Dr. Elke Beyreuther, Researcher, Helmholtz-Zentrum Dresden-Rossendorf

The approach, however, is substantially more complicated than X-Ray therapy since it necessitates expensive accelerator equipment to generate and convey fast protons to the patient.

As a result, only a few proton treatment centers exist in Germany, one of which is located at Dresden University Hospital. Experts are now striving to refine the approach and customize it to patients. Proton accelerators based on lasers could make a significant contribution in this area.

Customized Laser Flashes

The approach is based on a high-power laser to generate strong and extremely short light pulses, which are fired at a thin plastic or metal foil.

Dr. Florian Kroll, Physicist, Helmholtz-Zentrum Dresden-Rossendorf

The intensity of these flashes rips swathes of electrons from the foil, providing a stronger electric field that can bundle protons into pulses and drive them to high energies. This mechanism is interesting because the scale is so small: the acceleration path is only a few micrometers long.

We have been working on the project for 15 years, but so far, the protons hadn’t picked up enough energy for irradiation. Also, the pulse intensity was too variable, so we couldn’t make sure we were delivering the right dose.

Dr. Elke Beyreuther, Researcher, Helmholtz-Zentrum Dresden-Rossendorf

However, researchers have progressed significantly in recent years, mainly thanks to a greater understanding of the interplay between laser flashes and the foil.

Above all, the precise shape of the laser flashes is particularly important. We can now tailor them to create proton pulses that have sufficient energy and are also stable enough,” Kroll adds.

New Research Requirements

Finally, the parameters were dialed into the point where the HZDR team could begin a vital series of tests: the first-ever, regulated irradiation of tumors in mice with laser-accelerated protons.

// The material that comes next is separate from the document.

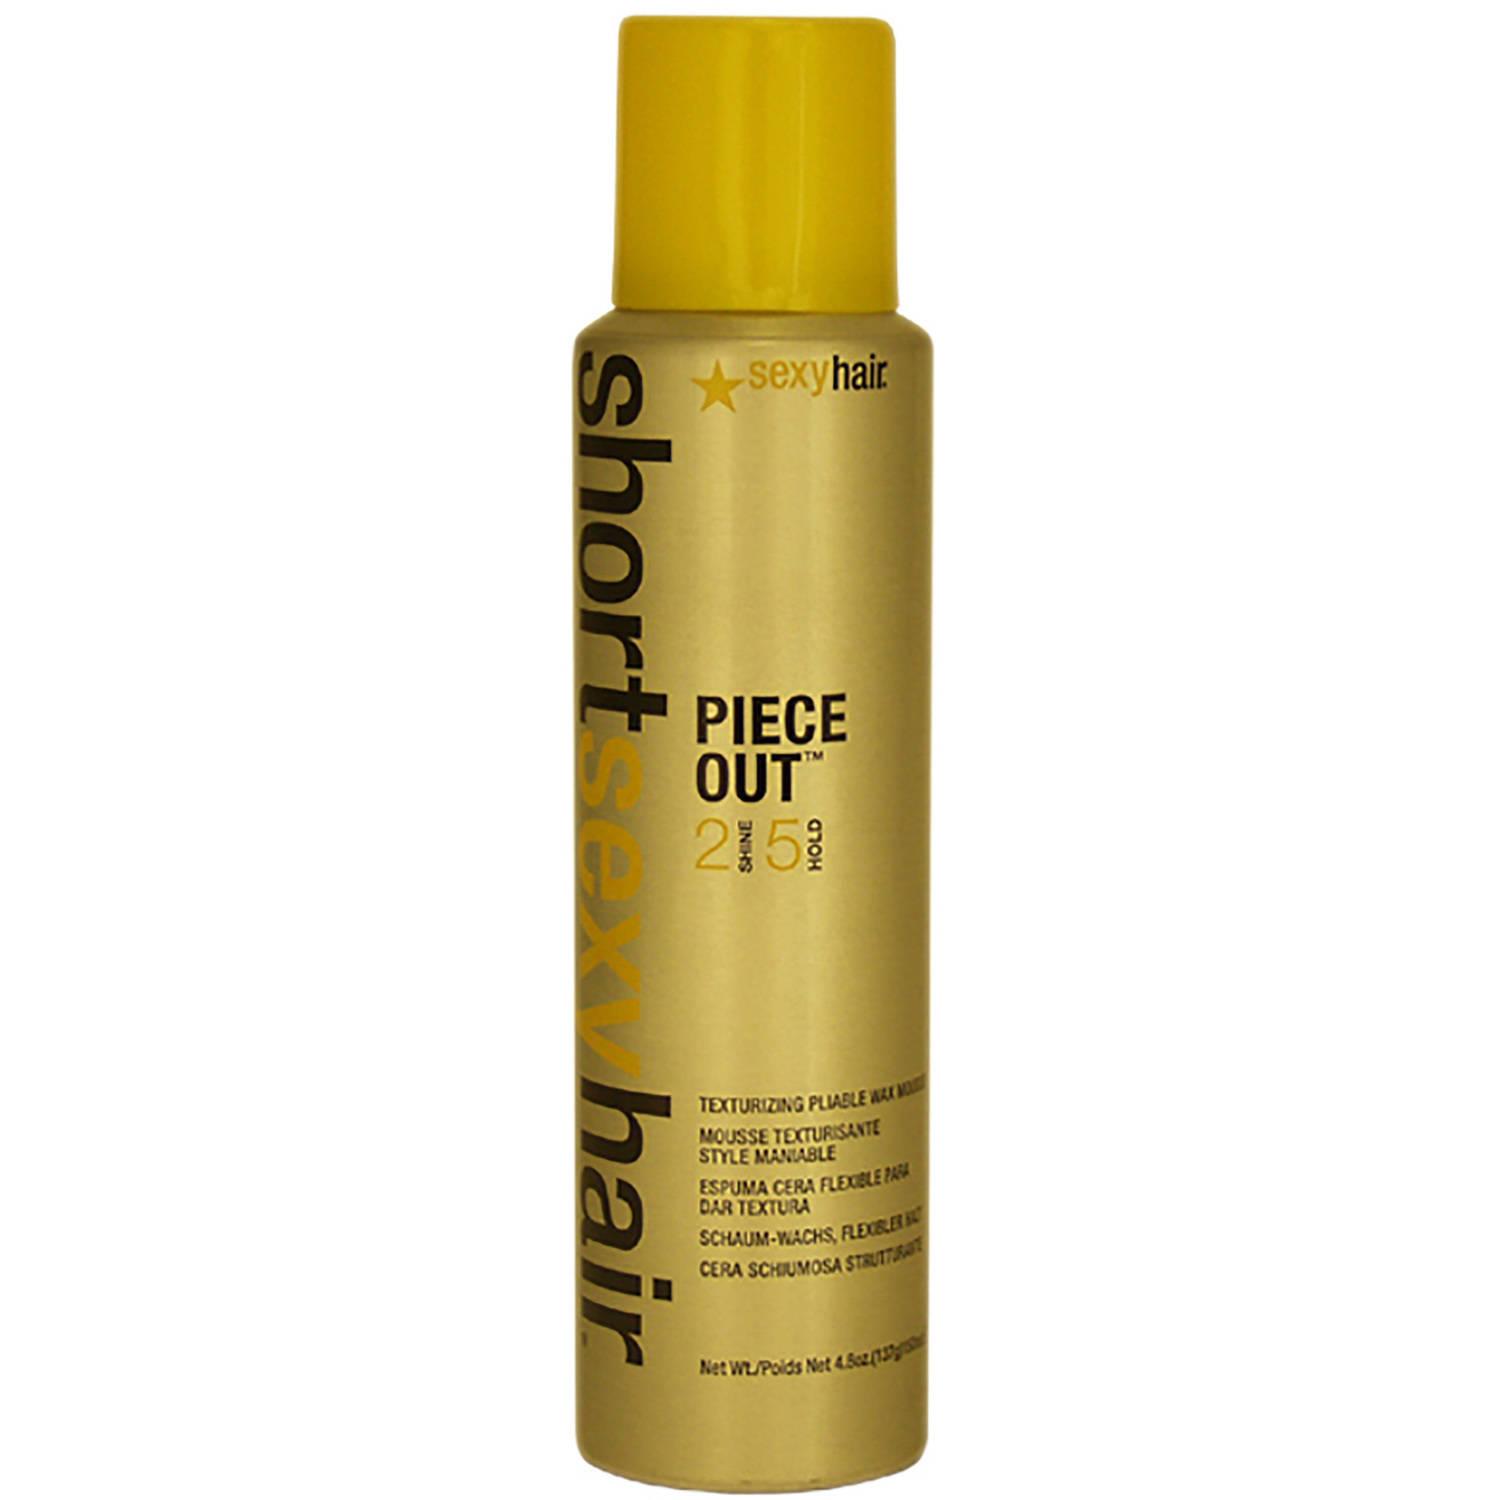 Short Sexy Hair Piece Out Wax Mousse by Sexy Hair for Unisex, 4.8 oz

The investigations were performed at the OncoRay — National Center for Radiation Research in Oncology — in collaboration with experts from Dresden University Hospital and benchmarked against comparison experiments at a traditional proton treatment facility.

We found that our laser-driven proton source can generate biologically valuable data. This sets the stage for further studies that will allow us to test and optimize our method,” Kroll reports.

The high intensity of laser-accelerated proton pulses is yet another distinguishing trait. While traditional proton treatment delivers the radiation dose over a few minutes, the laser-based approach might happen in a millionth of a second.

There are indications that such a rapid dose administration helps spare the healthy surrounding tissue even better than before. We want to follow up on these indications with our experimental setup and conduct preclinical studies to investigate when and how this rapid irradiation method should be used to gain an advantage in cancer therapy,” interprets Elke Beyreuther.

Journal Reference:

Kroll, F. et al. (2022) Tumour irradiation in mice with a laser-accelerated proton beam. Nature Physics.